Action item:
Without including the pictures, copy each line below exactly as it reads.

*** Opening of Provided data ***

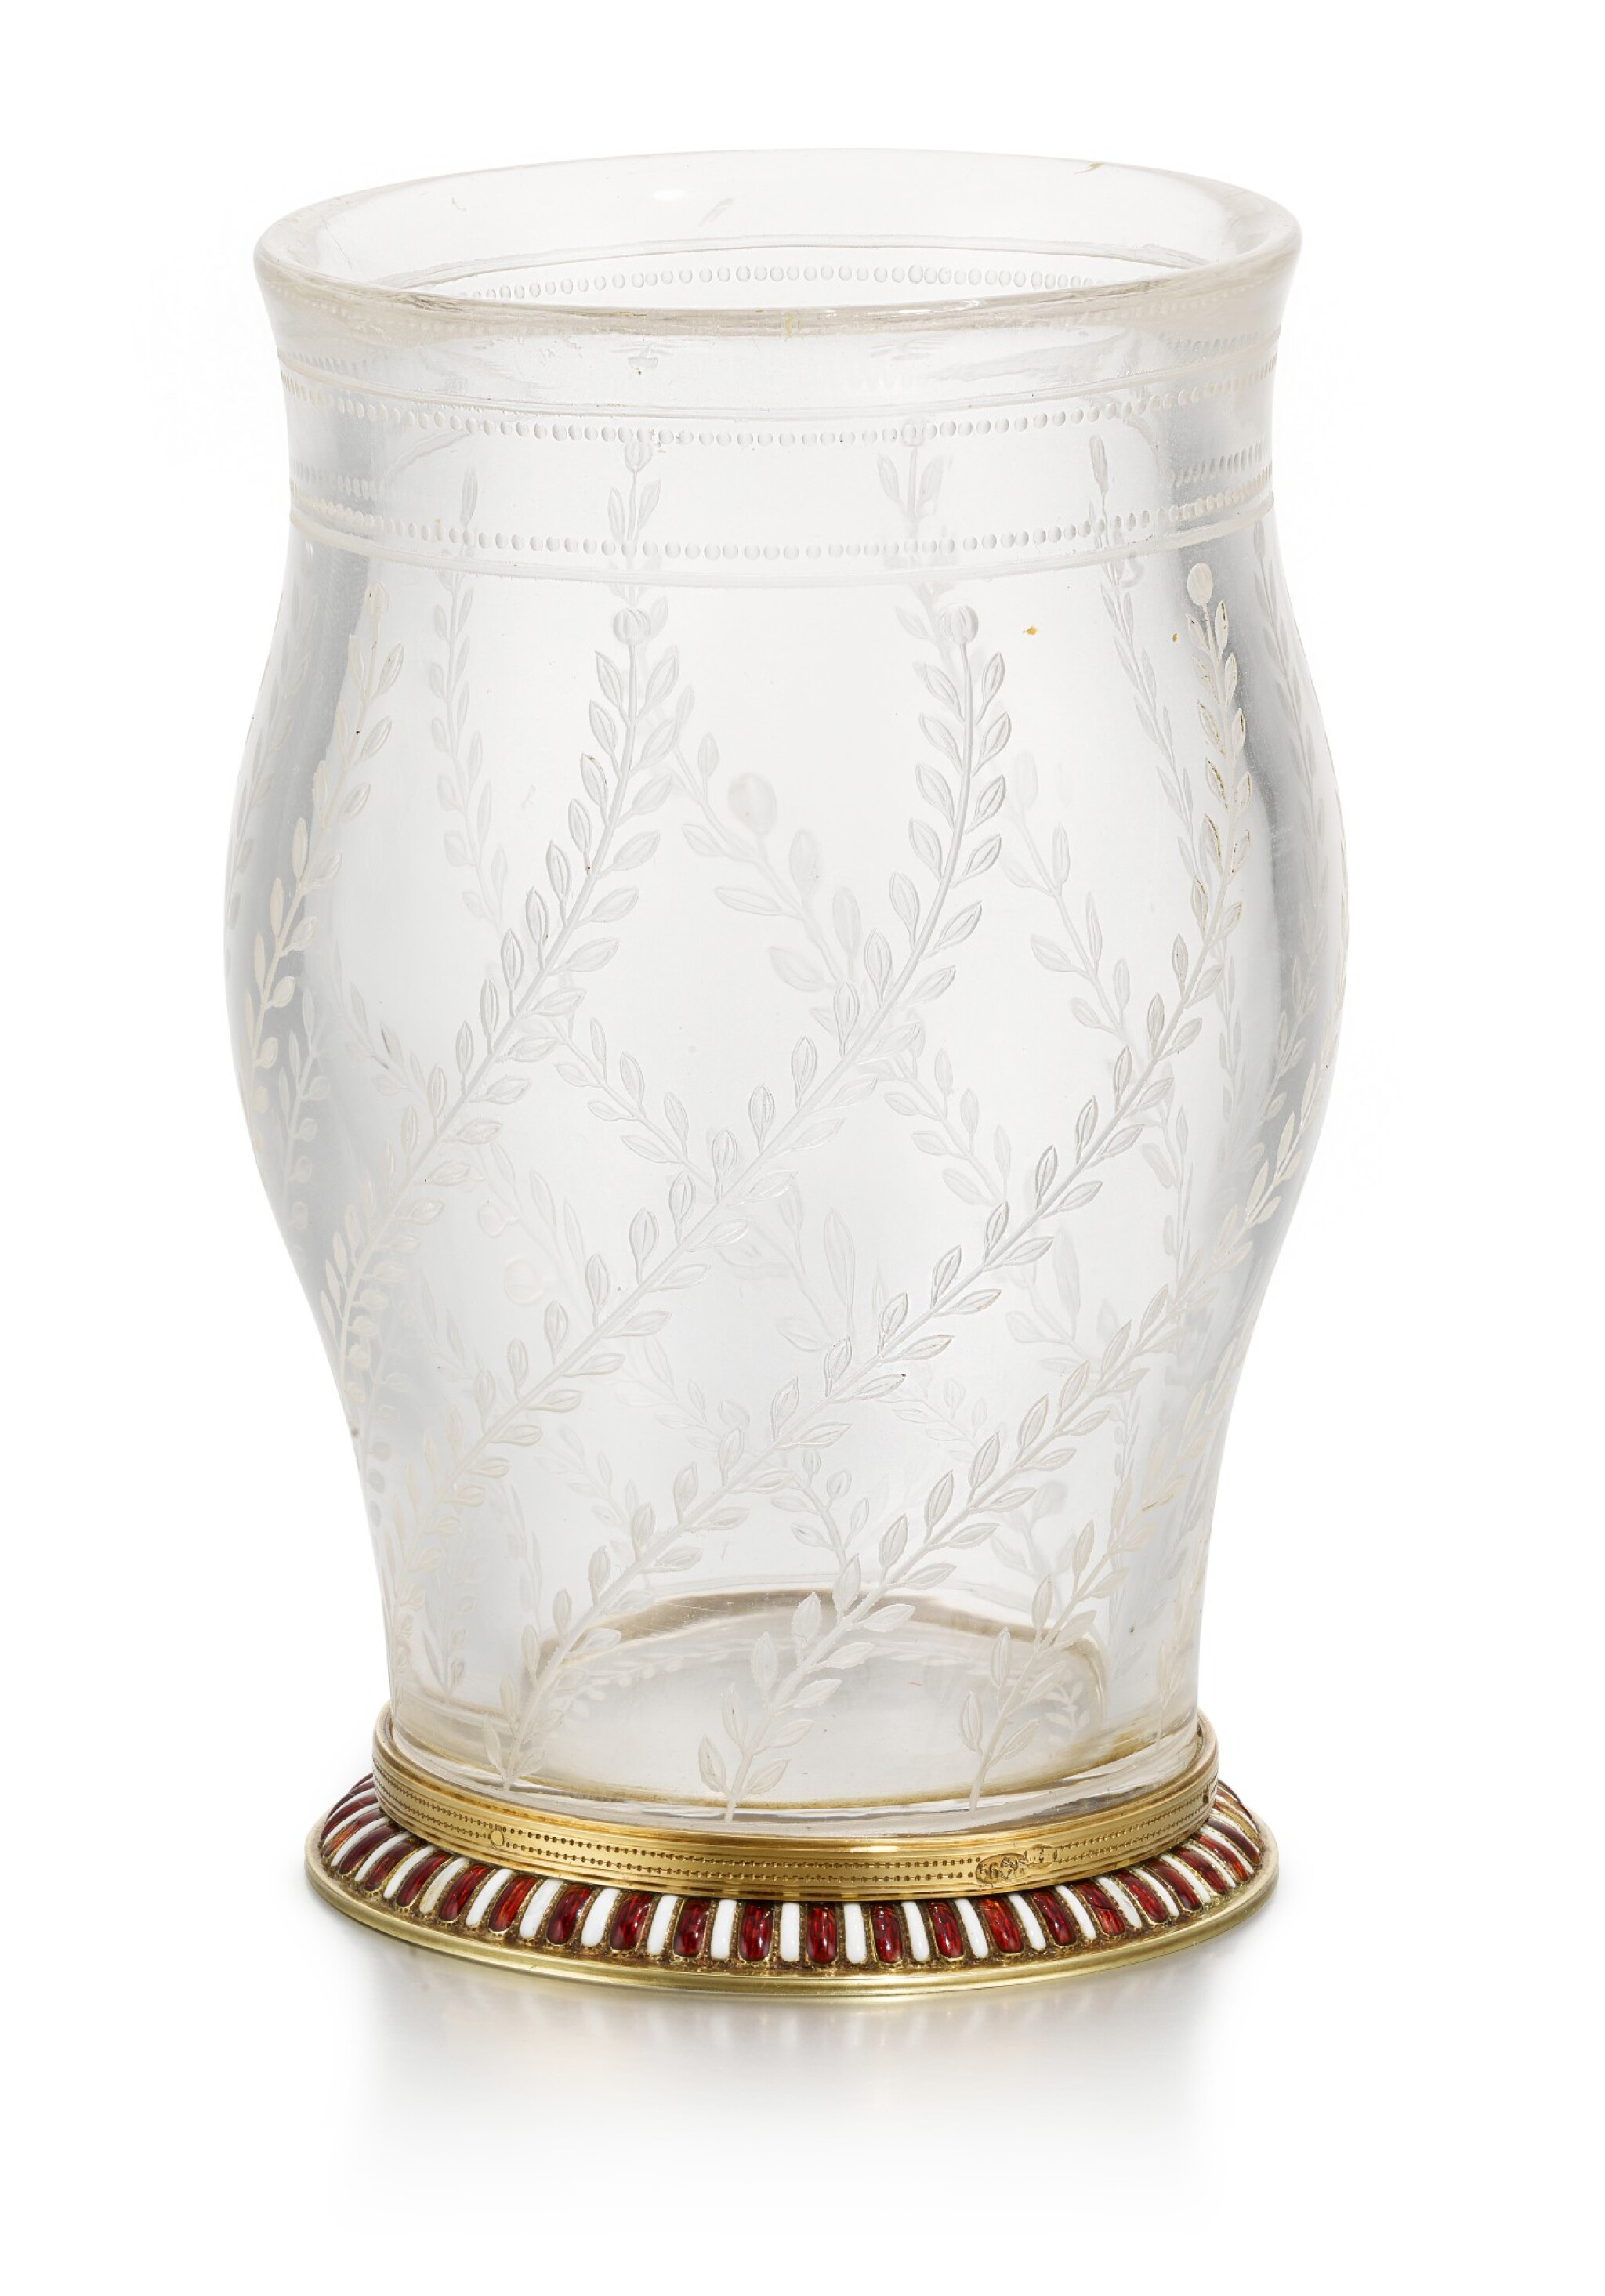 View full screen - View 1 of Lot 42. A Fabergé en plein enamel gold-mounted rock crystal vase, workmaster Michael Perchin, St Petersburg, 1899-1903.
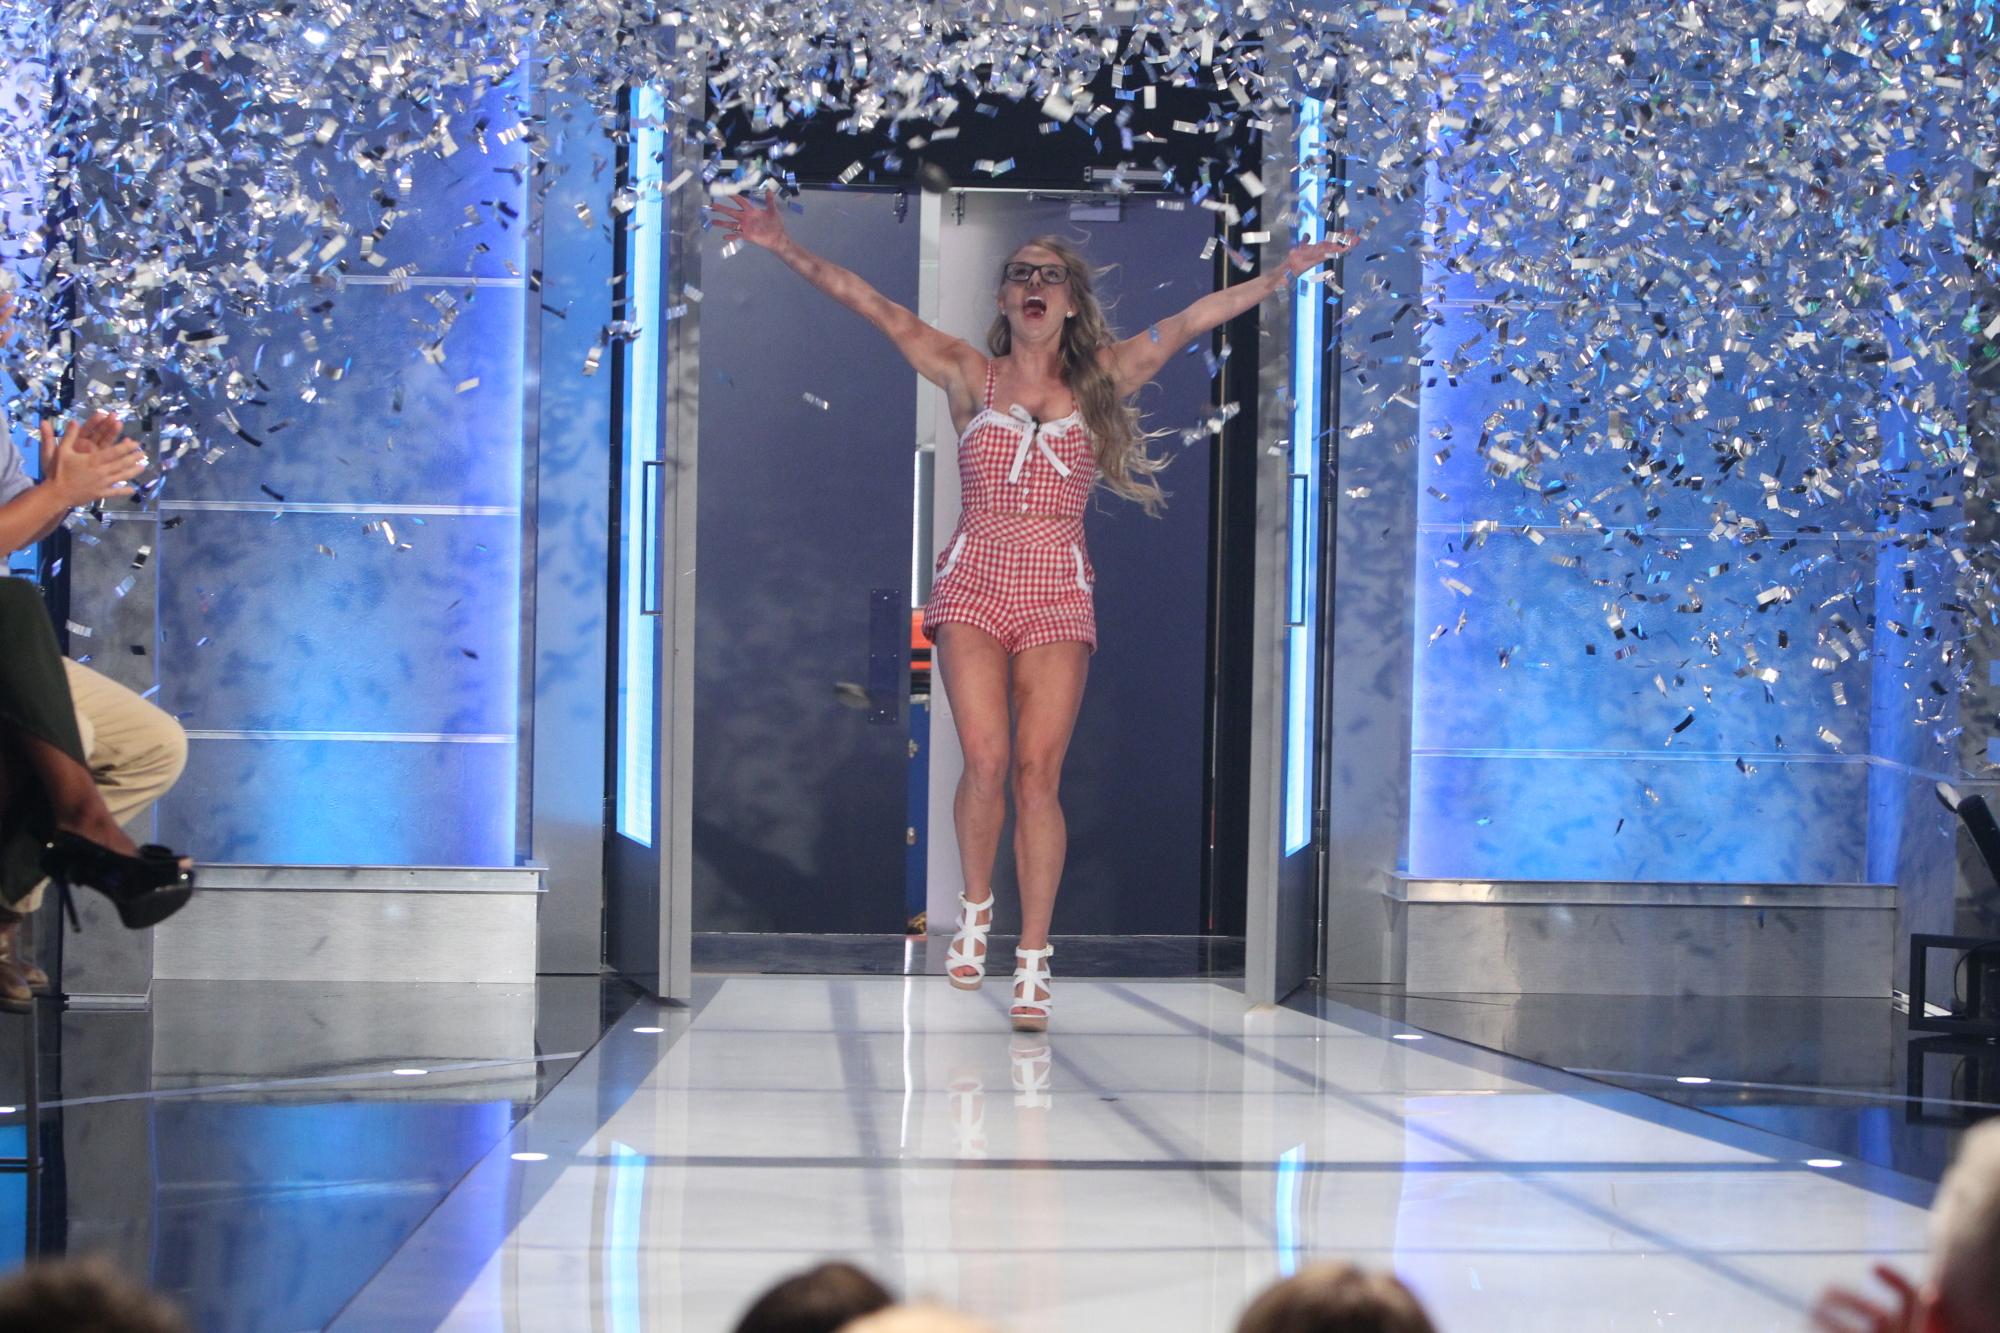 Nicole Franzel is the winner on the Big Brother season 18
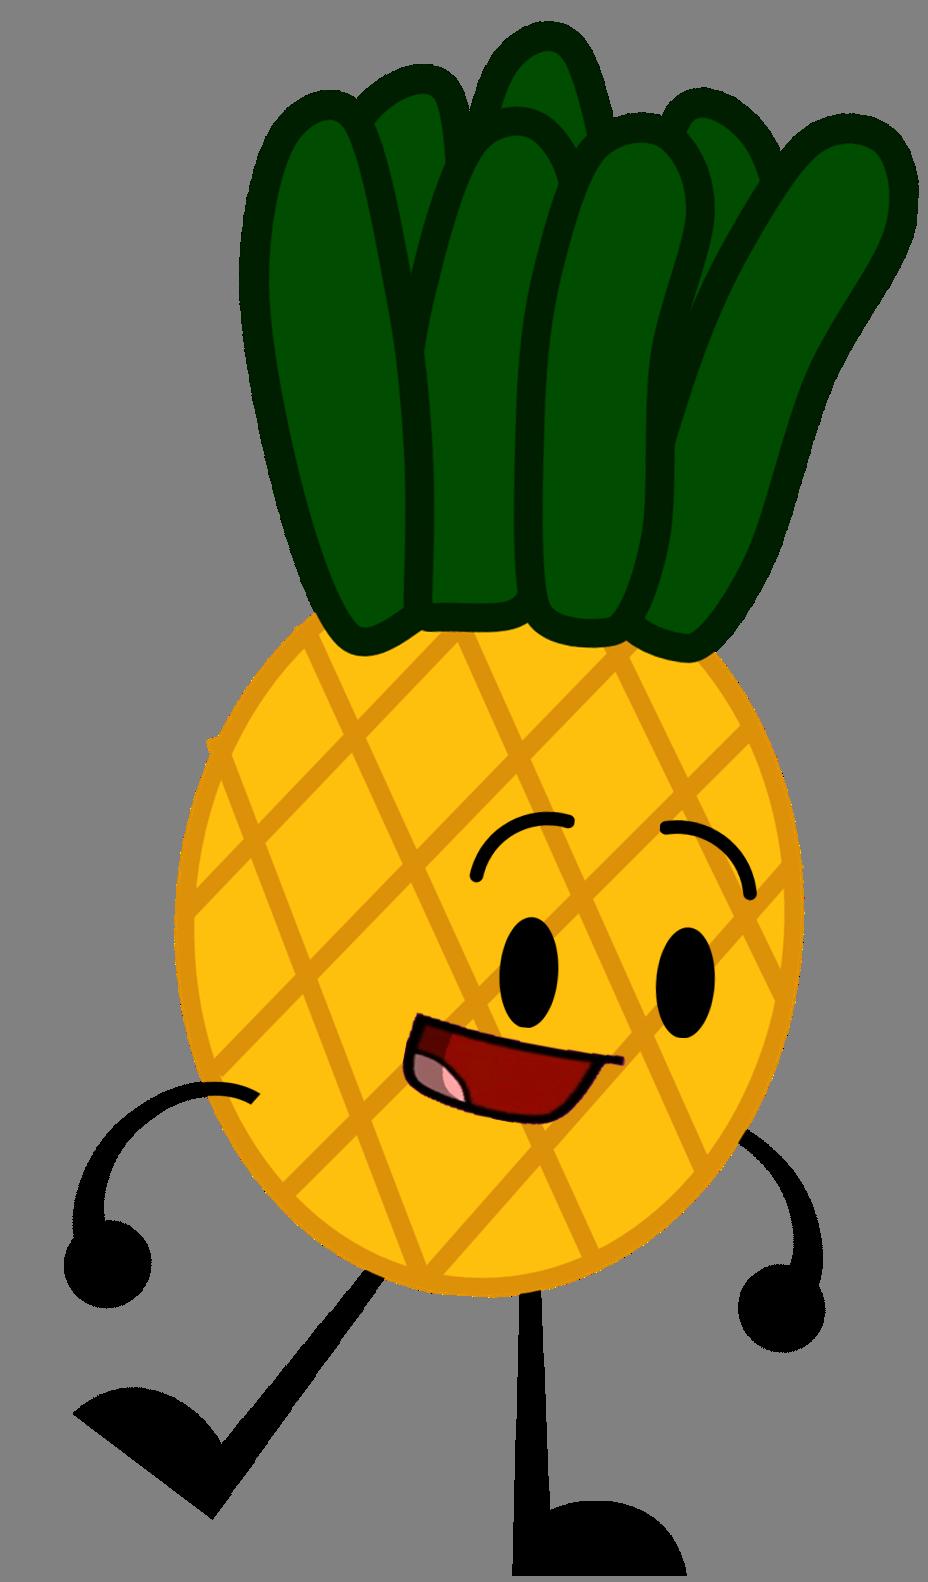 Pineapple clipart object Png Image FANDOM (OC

*** Close of Provided data ***

Answer box:
 View full screen - View 1 of Lot 42. A Fabergé en plein enamel gold-mounted rock crystal vase, workmaster Michael Perchin, St Petersburg, 1899-1903.
 Nicole Franzel is the winner on the Big Brother season 18
 Pineapple clipart object Png Image FANDOM (OC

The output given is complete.